Monday, December 22, 2008

The REAL Reason Dinosaurs Went Extinct

I mean seriously, have YOU ever heard of a girl dinosaur?

Didn't think so.

Sunday, December 21, 2008

Happy Inter Solstice!

Dear Internet Friends,

You may know that today is winter solstice and tonight Chanukkah begins, but did you know there is another holiday today, celebrated only in cyberspace? Today is Inter Solstice, a day to celebrate the holiday season by making charitable donations in honor of your online friends. So just for you, dear blog reader, this morning I've made a (small) donation to Doctors Without Borders.

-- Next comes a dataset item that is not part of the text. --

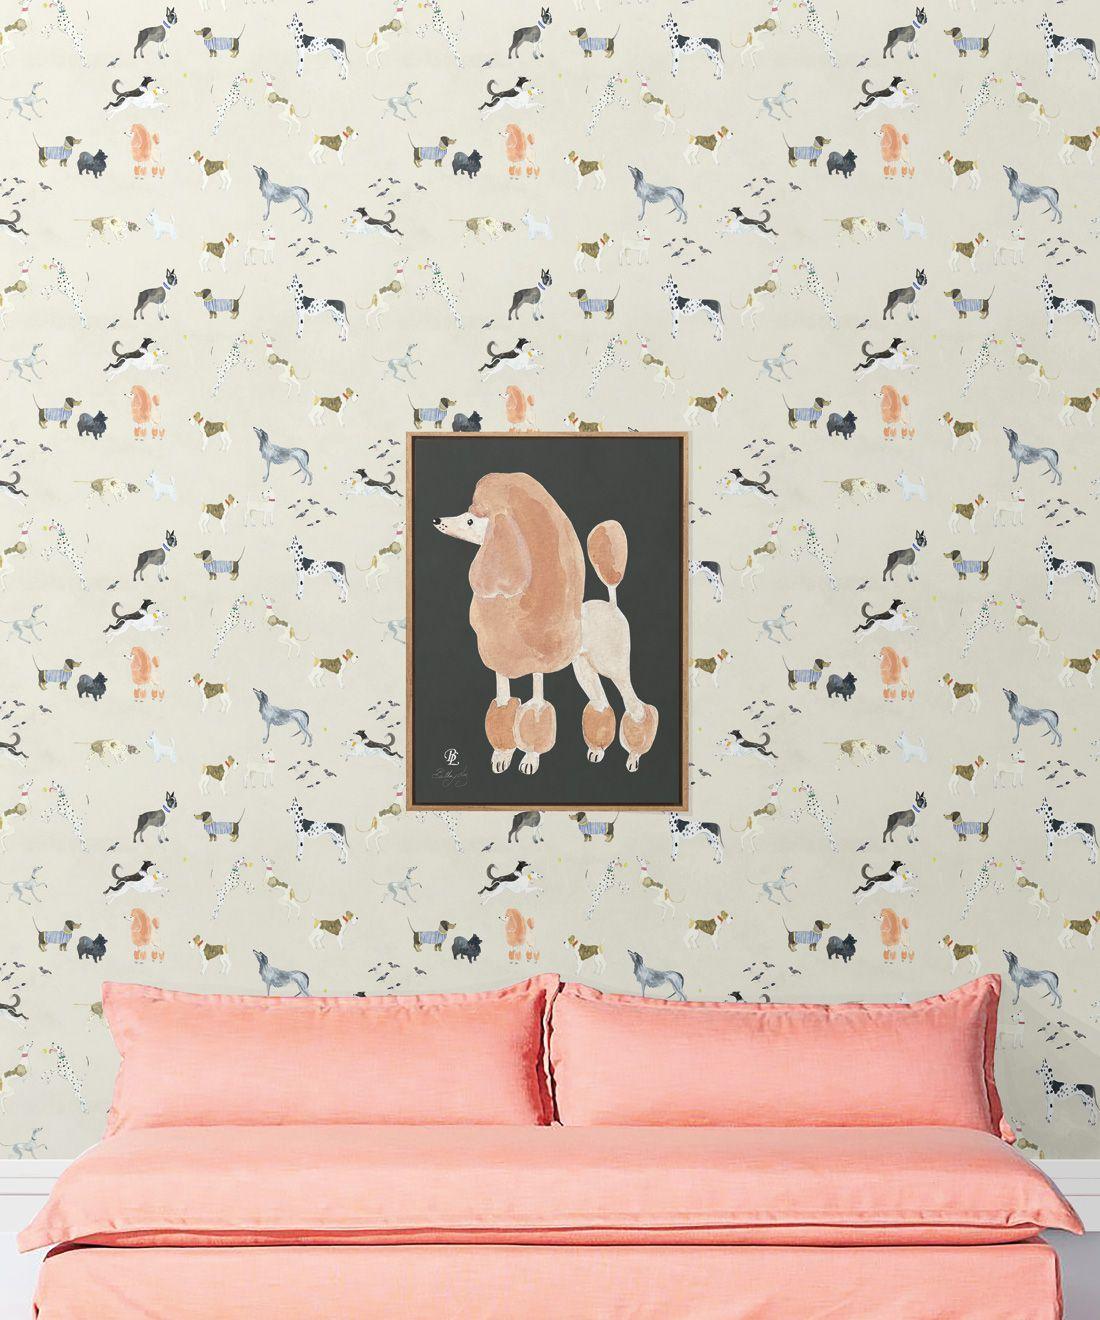 Doggies Wallpaper •Dog Wallpaper •Cream • Insitu with sofa

If you'd like to spread the holiday cheer to all your virtual friends but aren't quite sure where to start, you can find a few ideas here.

Happy holidays!

Love,

Mr. Fob

Saturday, December 20, 2008

Mr. Fob's Bowling Tip #2

If you bring small children with you, don't pay for more than one game.

Mr. Fob's Bowling Tip #1

Take small children with you so no one looks at you funny for using the bumpers.

Sunday, December 07, 2008

I Miss You Most at Christmastime

It's been a little over a year now since God died. Or at least he stopped existing in my mind. I notice his absence from time to time, often when I'm scared or lonely or otherwise needy and a lifetime of religious training gives me the impulse to pray, only to be cut short by the recognition that I no longer believe anyone is listening. Other times I'm feeling particularly happy with my life and I don't know who to thank. His absence has been particularly notable in the past week or so as we've begun to listen to Christmas music and the familiar songs bring with them powerful feelings inseparably connected to beliefs long dead, signifiers that have lost their signifieds. Christmas has always been such a happy time of year for me and now I'm left wondering what to be happy about--why should the birth of Jesus mean more to me than the birth of Siddhartha Gautama or Muhammad or Joe the Plumber?

If I honestly take into account how important religion once was to me, the removal of God from my life really was equivalent to the death of a loved one, and at the time I was so relieved to be free of a belief system that had caused me so much pain that I never took time to mourn. The other day my father-in-law sent me an article about studies being done on the positive effects of religion on health. The article says that critics of these researchers see an agenda to sneak religion into science and point to the impossibility of separating religious belief from other factors such as the social involvement a religious community brings. I had actually been pondering the effects my lack of religion has on my emotional wellbeing for a few weeks before I read this article. Like the critics of these religious researchers, I worry about jumping to unfounded conclusions about the necessity of religion to human health, but I am interested in what it is about religion--whether the sense of belonging or the beliefs themselves--that contributes to physical, mental, and emotional health.

In an attempt to do a little research of my own and to fill that hole left in God's wake, I've decided to give the Universal Unitarian church a try, hoping to find in it a place where I can be part of a community of people who have common goals of finding peace for themselve and others, but require no belief in any kind of doctrine. I've also found a renewed interest in Buddhism and other forms of spirituality. I feel no need for religion to explain the nature of the universe to me--I trust science and basic observation to suffice there--but I am interested in finding what one atheist Buddhist minister from the UU church describes as "a roadmap to train the mind for happiness."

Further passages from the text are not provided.